Y sobreviven otras bóvedas por el grafiteado centro económico de Valparaíso. Están las bien cuidadas del Banco Chile y las del magnífico edificio del antiguo Banco Anglo Sud Americano Ltd. hoy bajo el pabellón español. Allí conocimos una balanza de precisión donde se pesaban, una por una, las monedas de oro para asegurar su exacto valor.

Se guardaban valores, billetes, especialmente las otrora importantes libras esterlinas.

En las segurísimas bóvedas de la desaparecida sucursal porteña del Banco Central, hoy ocupadas por la Aduana, se atesoraban monedas de oro. Pesadas y costosas puertas que se abrían por un sistema de relojería y, dice el mito urbano, estaban diseñadas para soportar un ataque nuclear.

100 pesos oro

Allí, hasta pocos años se podían comprar monedas chilenas de 100 pesos oro. Una señorita nada de fea pero de mal genio, sometía al comprador a un examen, exigiendo de partida el pago en efectivo. Algunos las compraban como ahorro. Oro, lo más seguro de todo, afirman los previsores. Otros las adquirían, simplemente, para adornar uno de esos prendedores de señora que ya no se usan. ¿Pasados de moda? No, peligrosos, pues son tentación para esos malandrines que roban sin piedad hasta pequeñas gargantillas con medallitas milagrosas. No los condenarán en este mundo, pero en el más allá, sin duda, les pasarán la cuenta.

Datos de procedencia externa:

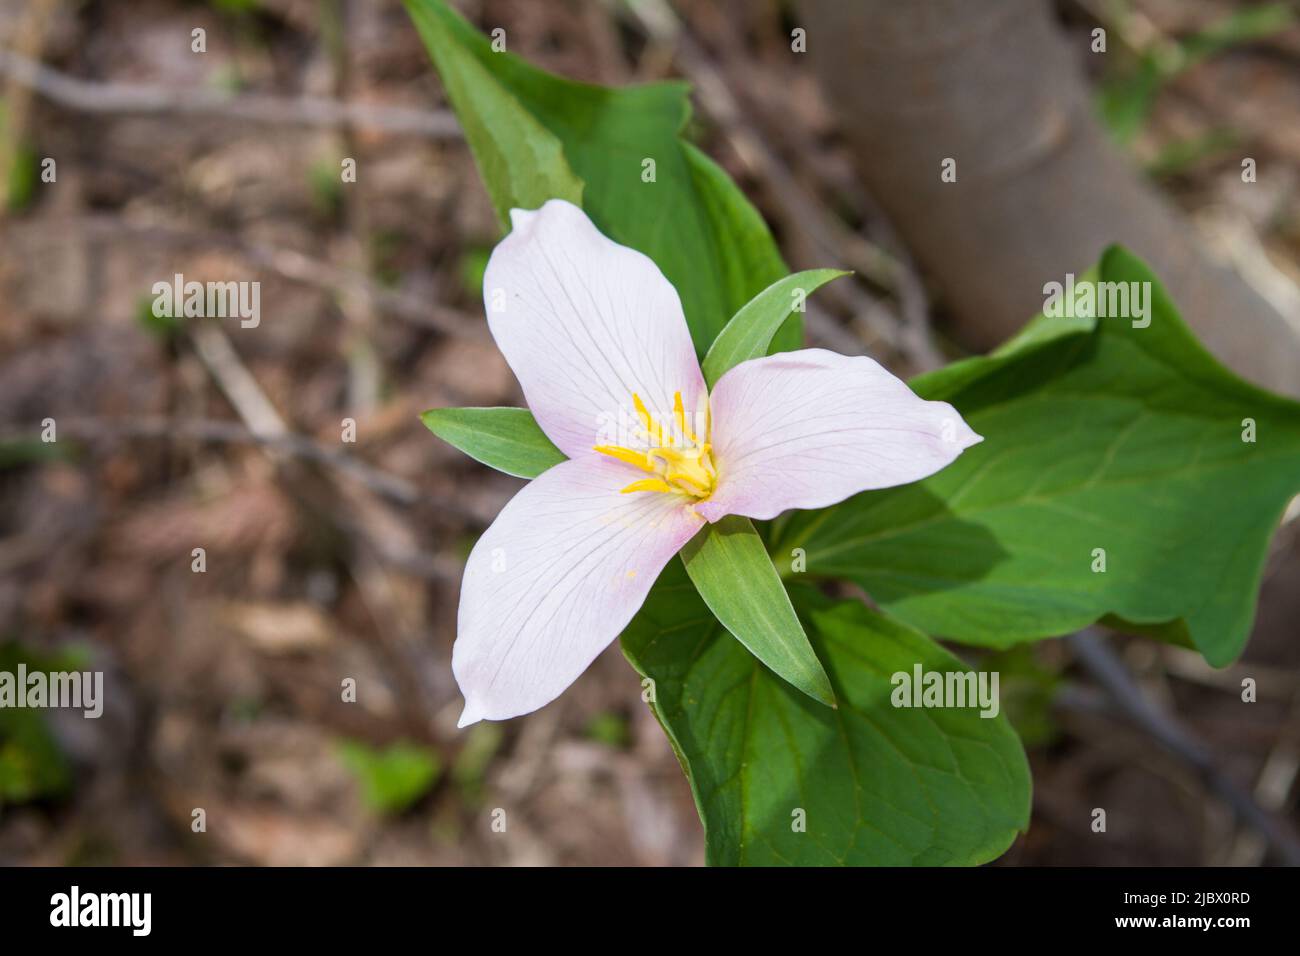 A single Western Trillium (Trillium ovatum) flower blooming on the forest floor in Eastern Washington, USA. Stock Photo
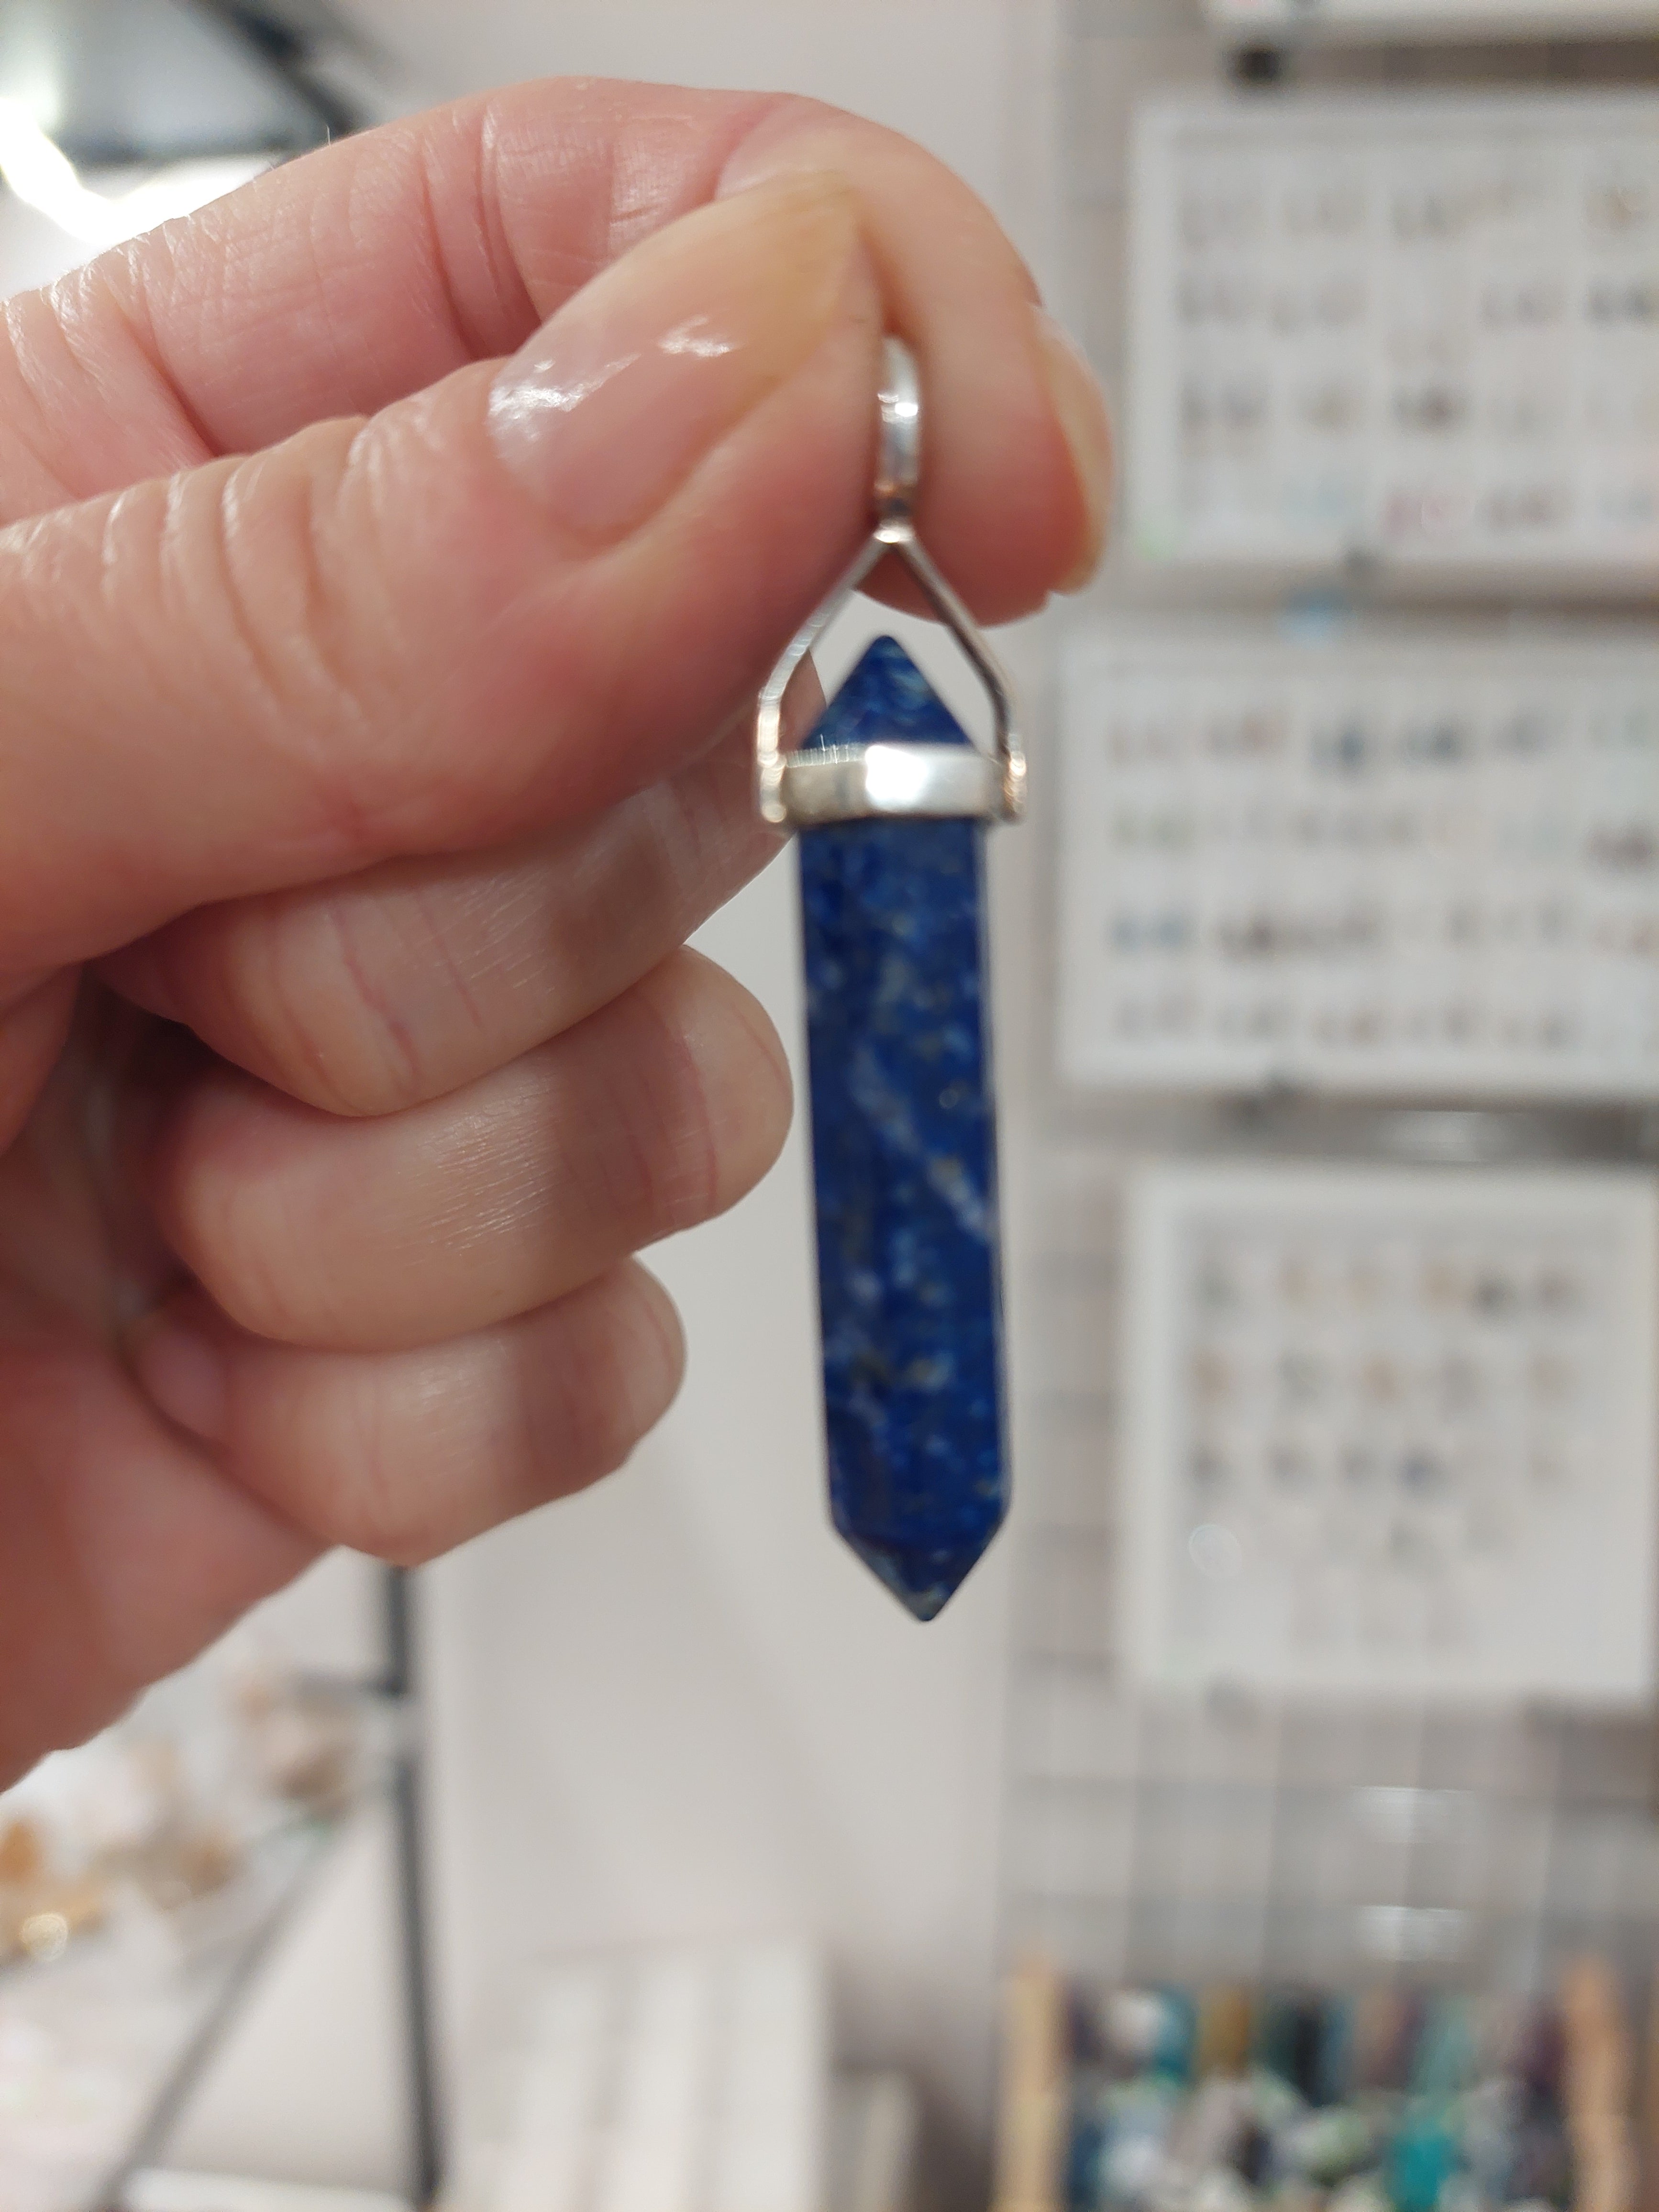 Lapis Lazuli Double Terminated Point Pendant - 3.75cm - 925 Sterling Silver

Y siguiendo con historias de bóvedas y oro es inevitable recordar a Alfredo Paraff, un químico francés que llegó a Chile en 1877, cuando el país vivía una de sus tantas crisis y estaba al borde de la guerra con sus vecinos del norte y tal vez con los de otro lado de la cordillera.

El personaje se vendía bien y los provincianos chilenos, originarios o no, se deslumbraban por los extranjeros. Paraff presentó con éxito y con supuestas pruebas científicas, un método que permitía sacar grandes cantidades de oro de restos minerales. La "papa misma" y hasta el Presidente Aníbal Pinto se compró la historia.

Grandes inversiones hasta que la pirámide se derrumbó y el país deslumbrado y soñador, especialidad de la casa, volvió a la triste realidad. Paraff era un estafador.

A lo mejor en alguna bóveda por ahí se guardaba del oro del francés, de una falsedad digna de Judas.

De cualquier modo el oro sigue teniendo valor a través de los siglos incluyendo este cibernético XXI y guardarlo, ya sea enterrado en el patio -no se oxida, sepa usted-, o en una bóveda es un rito que practican previsores y más que nada esos codiciosos que son parte de la humanidad.